Элис казалось, что она вот-вот задохнётся: от этой ситуации ужасной, от охватившего её волнения, страха, от робости перед этой девочкой, от чувства вины… Как бы хорошо было, если бы она просто взяла и умерла прямо сейчас, на этом самом месте!
«Может, убить её?» — нервно подумала Элис. Она свидетель, а это опасно… Ох, и зачем она только пришла сюда! Почему не убежала, не подняла крик, не стала звать на помощь? Что это она достаёт из сумки, печенье? Отлично, она ещё и печенье решила пожевать!
— Будешь?
Элис посмотрела на протянутую печеньку (с шоколадной глазурью и оранжевой мармеладкой поверх), затем её взгляд поднялся по рукаву изящного чёрного платья и остановился на лице девочки. Она совершенно не выглядела испуганной или смущённой; её жест был таким простым, как будто бы она сейчас не сидит рядом со страшненькой, забрызганной кровью ровесницей с ножом в руках.

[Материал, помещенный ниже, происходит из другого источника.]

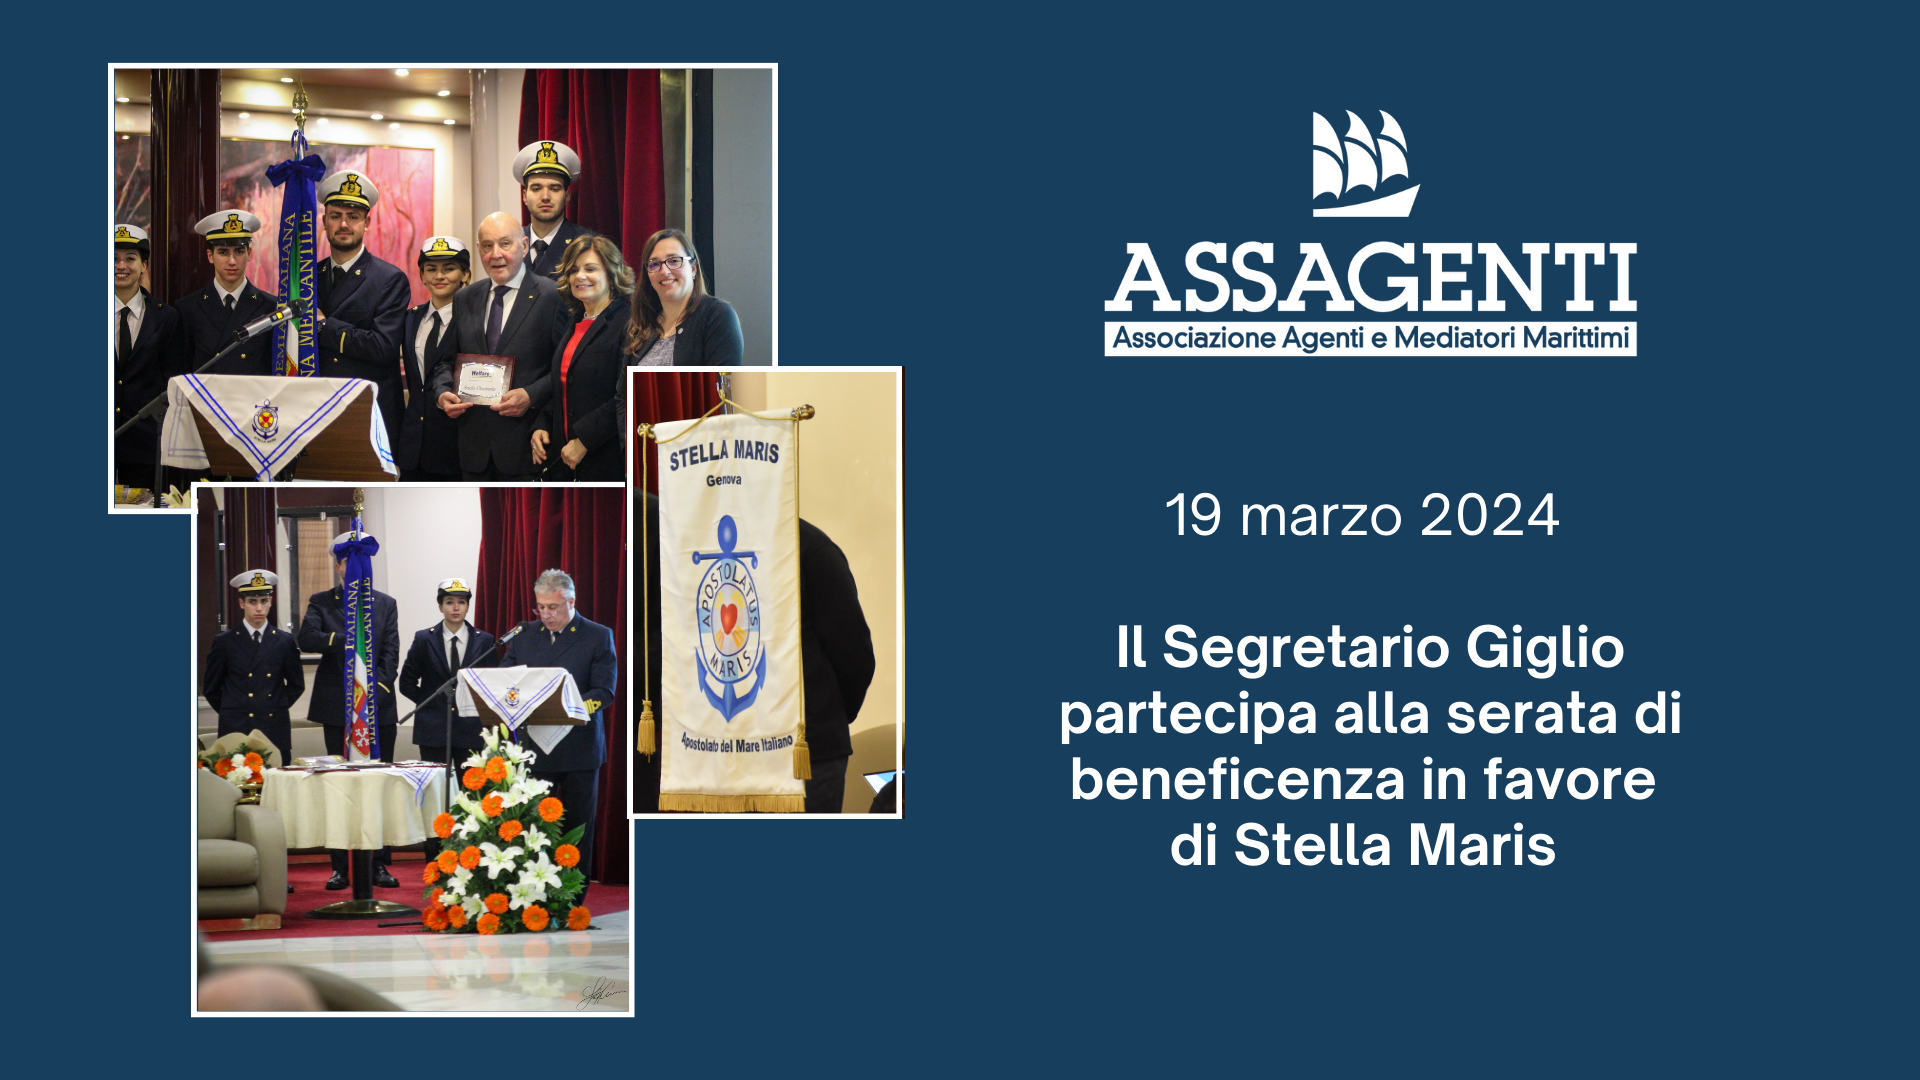 19 marzo 2024 - il Segretario Giglio partecipa alla serata in favore di Stella Maris

Да что с ней вообще не так?!
— Нет…
— Ну не хочешь как хочешь, сама съем, — легко согласилась девочка и лёгким движением узкой руки бросила печеньку себе в рот.
Вообще-то эта ведьмочка была очень красива. Хотя, по мнению Элис, слишком ярко накрашена: они, скорее всего, ровесницы, но даже если и есть небольшая разница в возрасте, то разве не рановато ли красить губы в такой насыщенный тёмный цвет, подводить глаза в стиле голливудских актрис пятидесятых и накладывать столько туши на ресницы? Или это не тушь… накладные, что ли? Одноклассницы Элис любили такие штучки, а Элис только и могла себя утешать, что все они потом вырастут шлюхами, и вообще не во внешности счастье.

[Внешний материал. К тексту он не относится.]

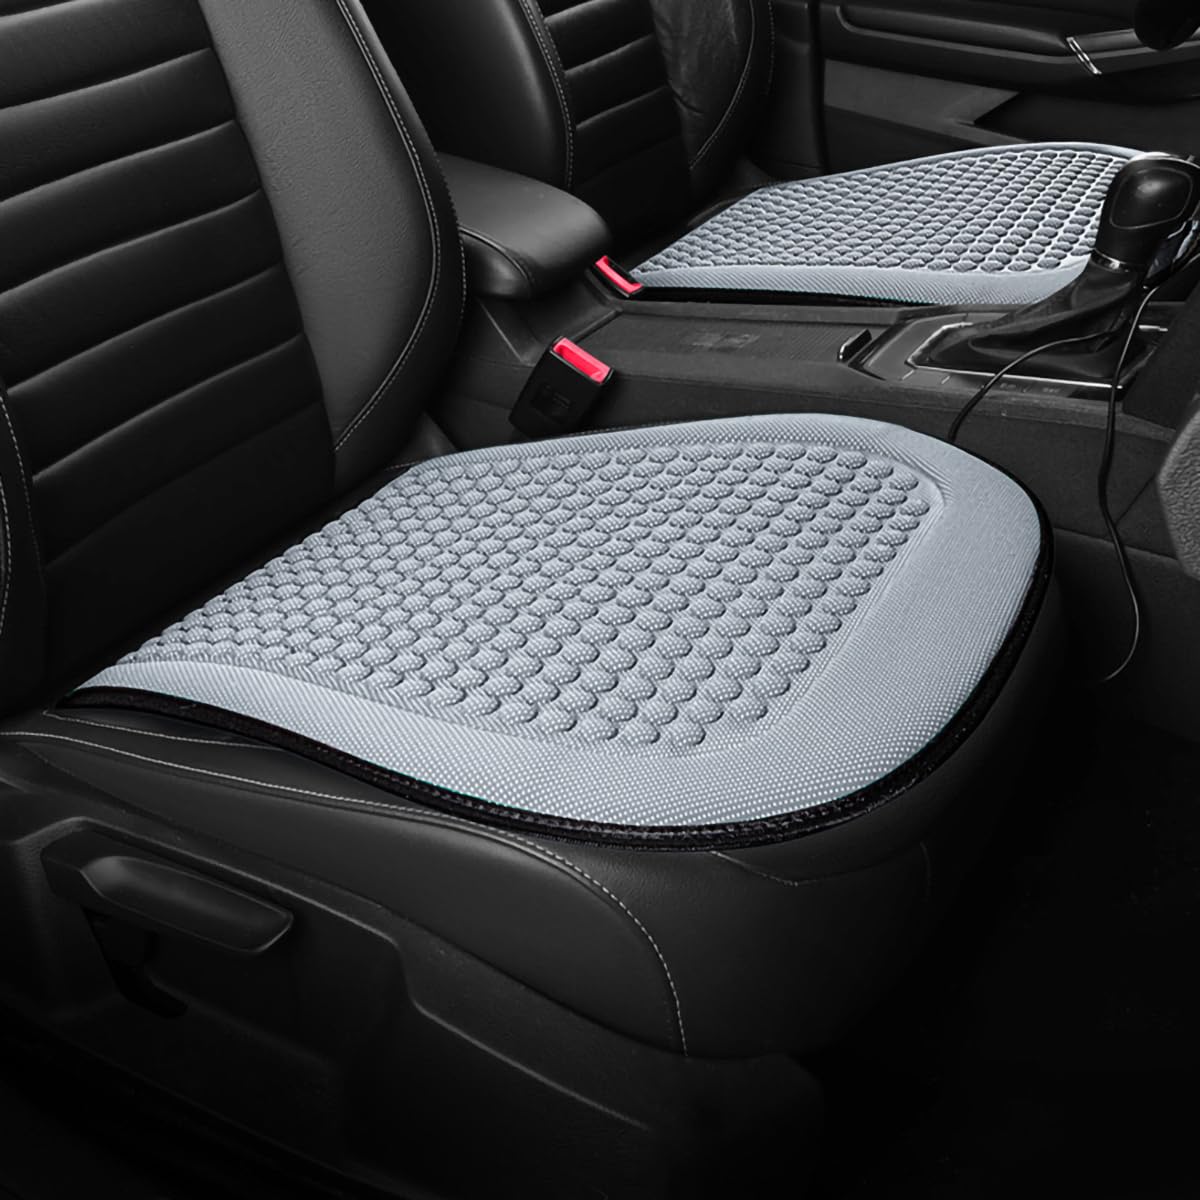 Spulhc Autositzbezug für Nissan March 2010-2017 2018 2019, kühles Sitzkissen aus Eisseide, kühlendes/atmungsaktives Kissen,A-gray-2 Cushion von Spulhc

Но у этой девочки даже накладные ресницы не выглядели пошло. Или они вовсе не накладные, а просто такие длинные?..
— Чего без костюма?
Элис не знала, что ответить.
— У меня нет, — ответила она, чуть помедлив.
«Папа был против», — подумала она, но разумно решила не озвучивать. Не надо говорить о папе, когда его труп лежит практически прямо перед ногами. Это… нехорошо.
Вообще всё это нехорошо. И что она до сих пор тут делает? Почему не прячется от полиции и не пытается смыть с себя кровь?
— Да ладно, нет костюма? — округлила кошкоподобные глаза девочка. — Можно же что-то самой сделать, если денег нет.
— Да не…
— Знаешь, как раньше маски делали? Не поверишь - проще простого. Тогда никто над костюмами так не трудился, как сейчас, просто брали папье-маше и делали из них маски. Стр-р-рашные, кривые, вообще просто страх!
— Я не умею папье-маше, — неловко пыталась оправдаться Элис. Хотя чего оправдаться, и правда же не умела. Отец… отец никогда не поощрял её занятия. Не был против, но не поощрял.
Вообще его что-нибудь интересовало в ней, кроме того, что находится у неё между ног?
— Ну не папье-маше, так пакет. Серьезно, пакет! Дёшево, зато можно такую маску вырезать, у-у-у! - и девочка состроила выразительную рожицу, скорее очаровательную и придурковатую, чем страшную. — У меня братец - спец по пакетам: каждый год из них костюмы сооружает, придурок малолетний. Но ничего, талантлив, зараза, страшные костюмы получаются. Да где же они пропадают! — неожиданно в середине предложения рассердилась девочка, и Элис была уверена, что невдалеке испуганно замяукала кошка. — Ну сколько можно их ждать! Я что, весь вечер должна сидеть, мне заняться, что ли, больше нечем!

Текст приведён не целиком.